Saturday, June 2, 2012

Rock Hill Resources - 18v Tools

One of the most costly items for new home owners can be tools for improving and maintaining the home.  When we purchased our house, Lori and I picked up an 18 volt Ryobi combo kit from Home Depot.  The kit came with a circular saw, drill, dustbuster and flashlight along with one 18v battery and a charger.  Each of the tools have been moderately to heavily used and, so far,  I have zero complaints.
As our first spring approached, we picked up a run of the mill gas push mower but we were in need of a weedwacker and hedge trimmer to keep our suburban yard lookin good.  We purchased an 18v lithium ion weedwacker and hedge trimmer also made by Ryobi. The li-ion power cell is much more efficient and powerful than the standard 18v  and each tool came with one battery and one charger.  The weedwacker and ttimmer get used at least once a week for about 8 months out of the year and, again, no problems at all. 

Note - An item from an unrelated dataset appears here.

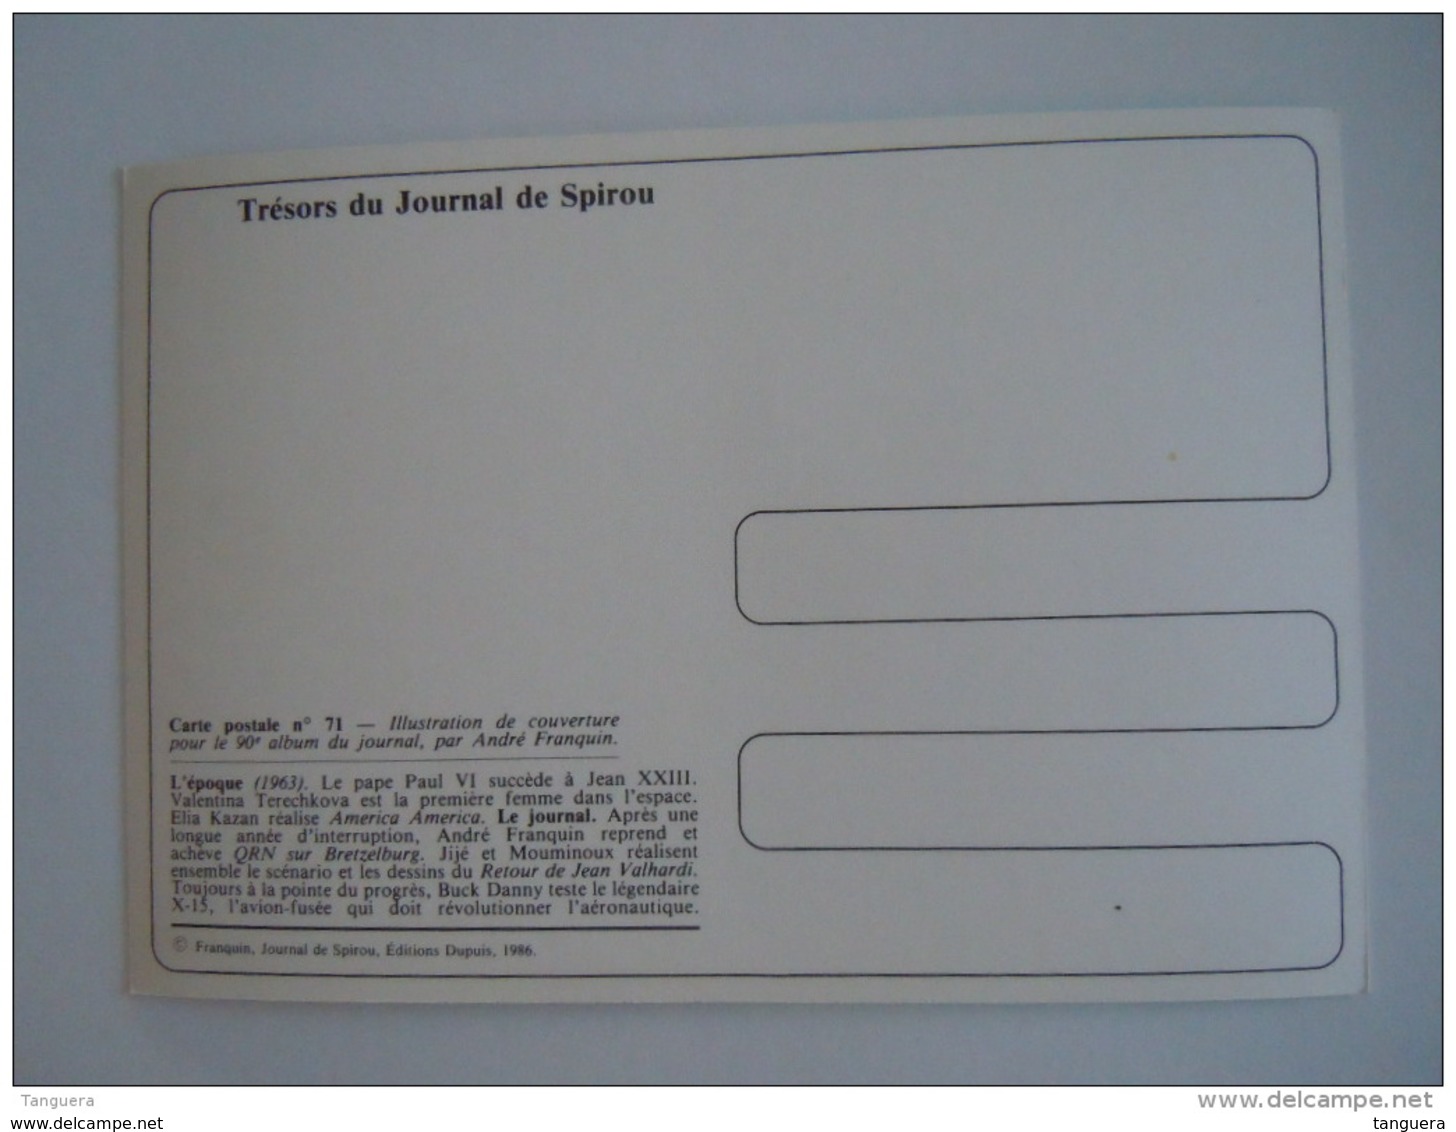 1986 Trésors Du Journal De Spirou Carte Postale 71 Illustration  Couverture Pour Le 90é Album Du Journal André Franquin - Comicfiguren

Back in April 2012, we did some camping in the Allegheny National Forest and we chose to leave the chainsaw behind. After struggling to find or paying to much for details decent fire wood, I realized that we would need an alternate solution for next time.  The problem with a chainsaw comes from all of the accessories that are needed ; gas, sharpener,  oil,  tools,  spare chain etc. and I am not a fan of hauling around all that stuff.  Again, we turned to Ryobi....this time for an 18v li-ion sawzall.  The sawzall also came with its own battery.  When equipped with a pruning blade, it will chew through logs and limbs up to 8 inches in diameter and maybe thicker.  I have been using it at home to shorten up fire wood, trim trees and work on the Rock Hill Mission walking sticks. 
By far the most beneficial part of cordless tools,  especially ones from a single manufacturer, is the interchangeability of the batteries and the fact that all of the pieces are portable.  For example,  I can throw all of my Ryobi tools into the truck and head for camp knowing that everything I need is on board, including a renewable power source.  All it takes is a simple inverter plugged into a cigarette lighter combined with one or two of the chargers. I am an especially big fan of the sawzall simply because it could come in handy during a storm scenario or a bug out scenario when dealing with trees or debris down on the roads... and it makes getting firewood for camp a breeze! 
With regard to price, these Ryobi tools average about 20% cheaper than the big brands like Dewalt and Makita and the quality is just as good. Parts, accessories and several dozen additional tools are available at Home Depot and on the web at www.homedepot.com. 
I intend to expand my 18v collection and we'll keep adding additional "resources" posts as things progress.